Is that pre-training useful? The answer is yes, for example, we have a classification task, the database is very small, it is necessary to pre-training to avoid the depth model of the overfitting problem, but the pre-training is through a large database (such as imagenet), through supervised training to complete. This supervised pre-training and small database fine-tuning mode is called transfer learning, which is described in detail in the Li Feifei's CNN Tutorials and Caffe's official website tutorials.

In addition, Andrew Ng's tutorial also has a few other points commonly used before 12 but now rarely used details, such as the activation function described in this tutorial is sigmoid, is now very rare, almost replaced by the Relu activation function, the optimization algorithm is L-BFGS, Now the optimization algorithm mainstream is sgd+momentum. The differences between the tutorials were very confusing at the time of learning, until we understood the history of deep learning and learned about these different sources.

Contact Us

The content source of this page is from Internet, which doesn't represent Alibaba Cloud's opinion; products and services mentioned on that page don't have any relationship with Alibaba Cloud. If the content of the page makes you feel confusing, please write us an email, we will handle the problem within 5 days after receiving your email.

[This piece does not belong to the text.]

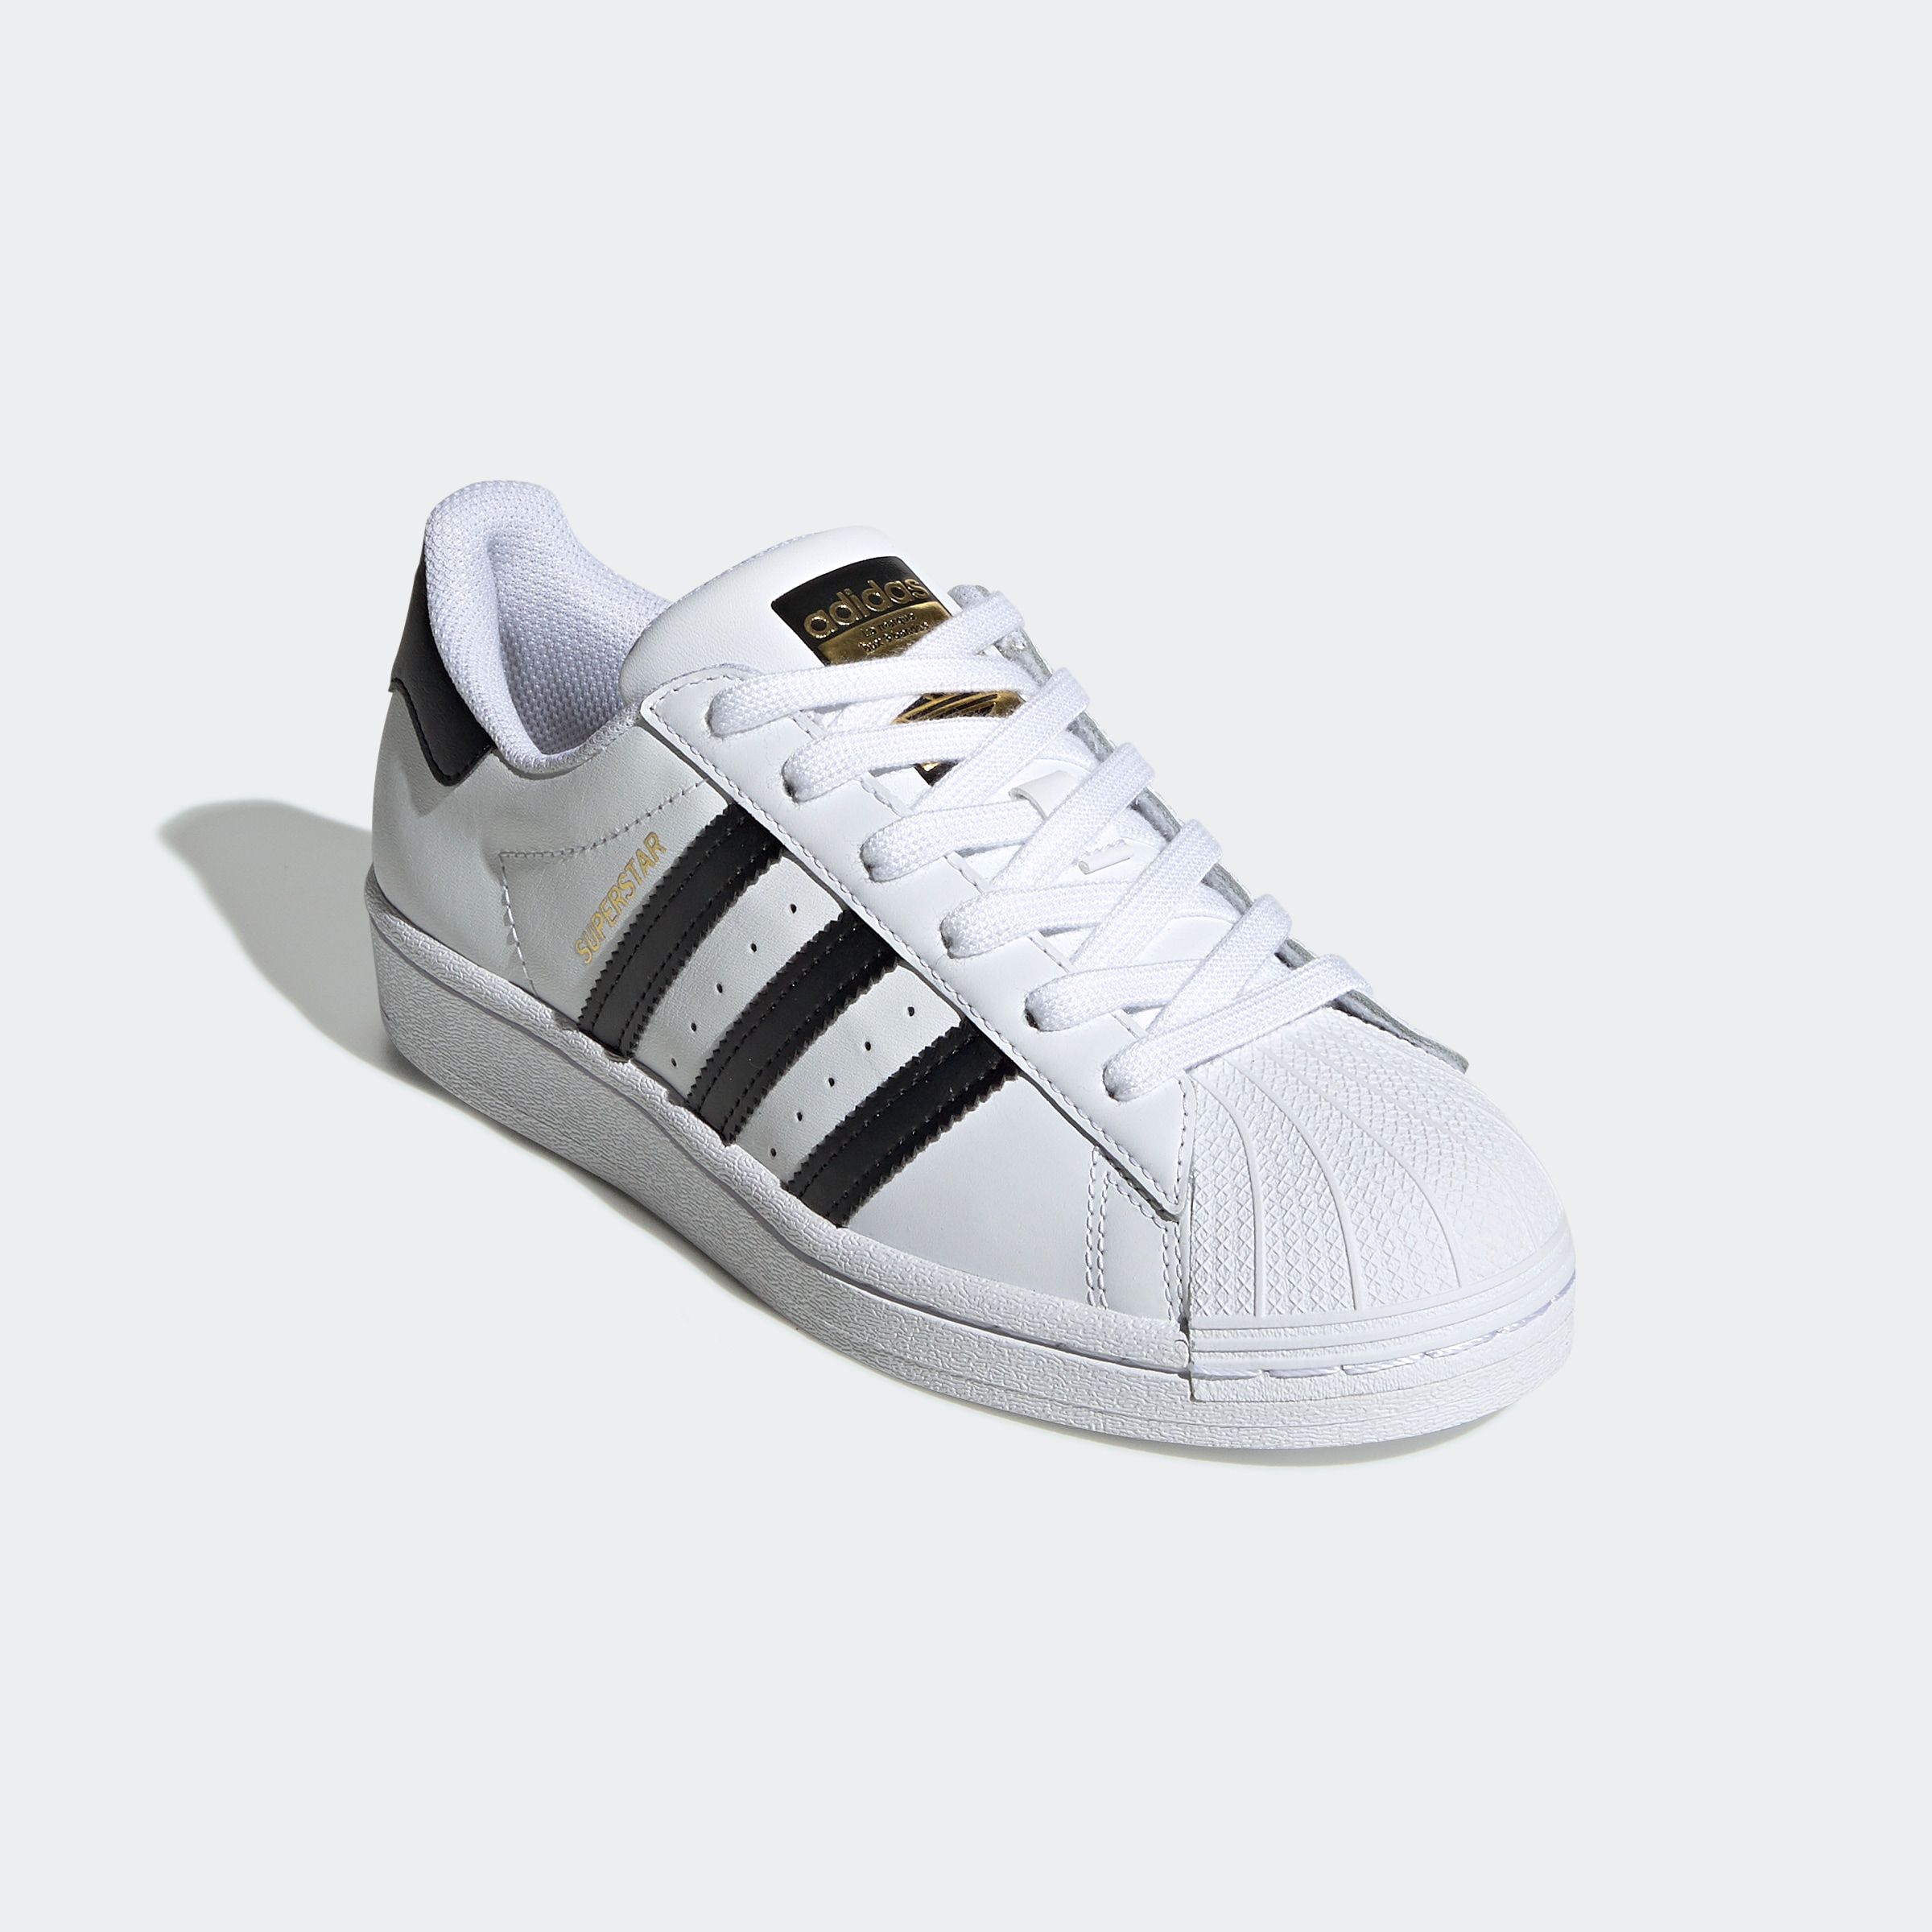 adidas Unisex-Kinder Superstar C Sneaker, FTWR White/Core Black/FTWR White, 33 EU

If you find any instances of plagiarism from the community, please send an email to: info-contact@alibabacloud.com and provide relevant evidence. A staff member will contact you within 5 working days.

A Free Trial That Lets You Build Big!

Start building with 50+ products and up to 12 months usage for Elastic Compute Service

  • Sales Support

    1 on 1 presale consultation

  • After-Sales Support

    24/7 Technical Support 6 Free Tickets per Quarter Faster Response

  • Alibaba Cloud offers highly flexible support services tailored to meet your exact needs.